De acordo com ele, ficou demonstrado nos autos “que o autor é servidor que desenvolve função de natureza permanente no serviço público desde sua contratação”. O desembargador citou também a estabilidade garantida pelo artigo 19 do ADCT, combinado com o artigo 18 dos Atos das Disposições Constitucionais Transitórias da Constituição de São Paulo, e o fato de o ingresso no serviço público ser decorrência da aprovação em concurso seletivo, o mesmo em que foi aprovado o servidor que teve o pedido rejeitado pela 12ª Câmara.
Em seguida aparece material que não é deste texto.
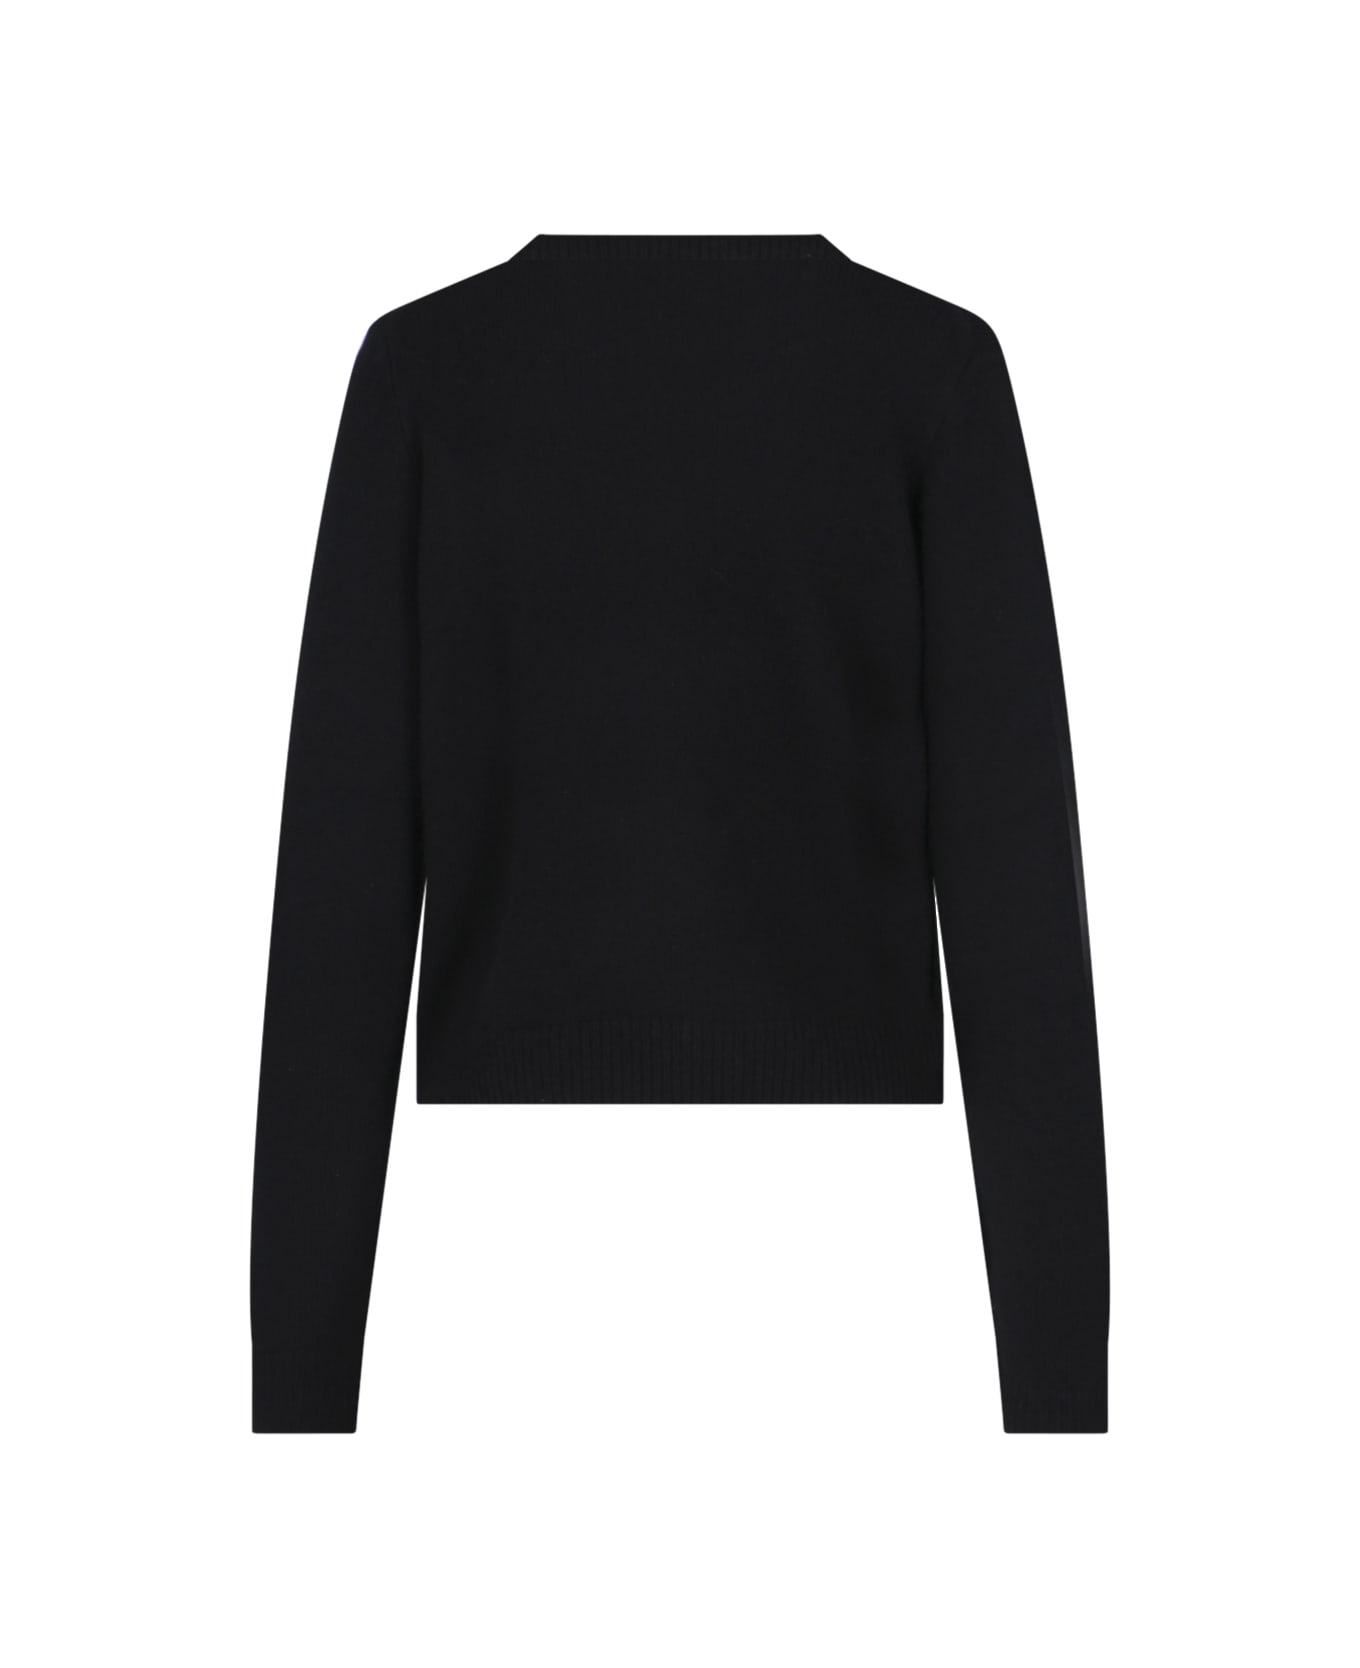 Khaite Cashmere Sweater - Black   ニットウェア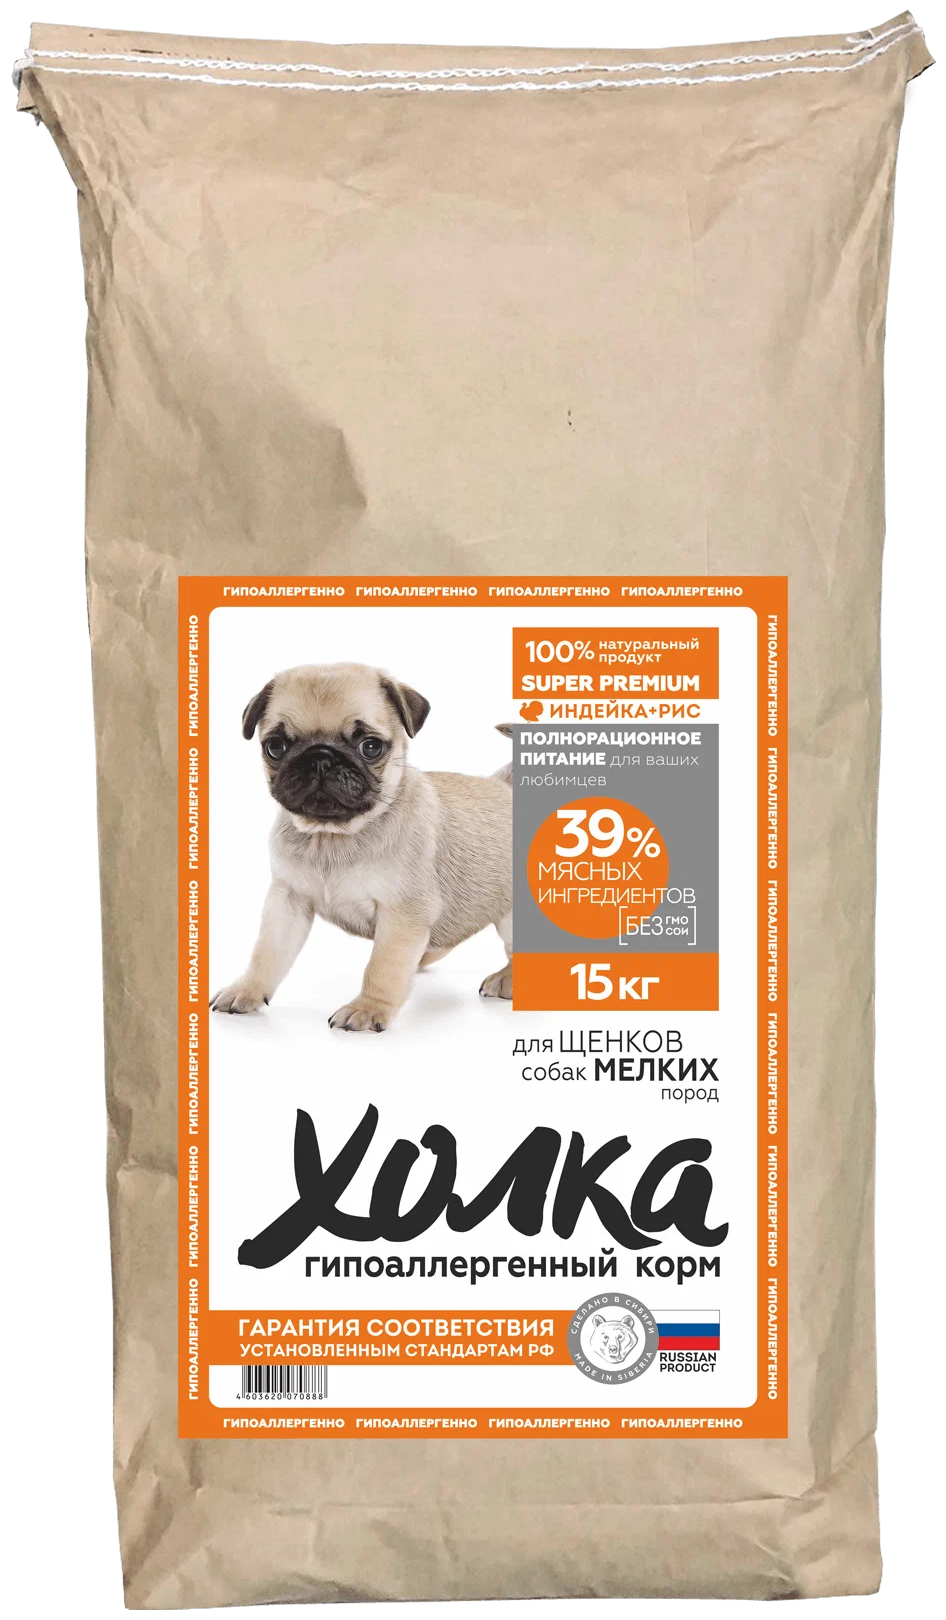 Гипоаллергенный полнорационный корм "Холка" для щенков собак мелких пород (39% мяса) из индейки и риса 15 кг

Guerrieri Rezende afirmou em seu voto que, por si só, a estabilidade decorrente do artigo 19 do ADCT não permite a um celetista que sua relação jurídica seja transmutada em estatutária. Isso depende, segundo ele, da efetividade, “uma característica vinculada ao cargo, mais precisamente ao provimento de determinados cargos públicos”. Em seu voto, o desembargador disse “o artigo 20 do Regulamento 52.520/70, vigente na época em que o requerente ingressou no serviço público, previa que o preenchimento de funções do departamento de obras públicas seria precedido de seleção”. Assim, segundo ele, foi respeitada a necessidade de aprovação em concurso público, dando amparo à demanda do engenheiro.

Caso antigo
A matéria não é nova no TJ-SP. Em 2009, o tribunal negou recurso em que o Centro Educacional Paula Souza tentava provar inexistência da relação jurídica estatutária com o servidor Arlindo Garcia Filho, contratado em 1983.Segundo o relator, desembargador Soares Lima, o objeto da discussão se prende ao reconhecimento do vínculo estatutário, sendo que, ao ser contratado pelo regime da CLT, o autor do processo adquiriu a estabilidade pelos termos do artigo 19 do ADCT, pertinente à regra do artigo 41, da Constituição. Com isso, reconhece-se o vínculo de estatário do servidor contratado em regime de CLT estável até outubro de 1983.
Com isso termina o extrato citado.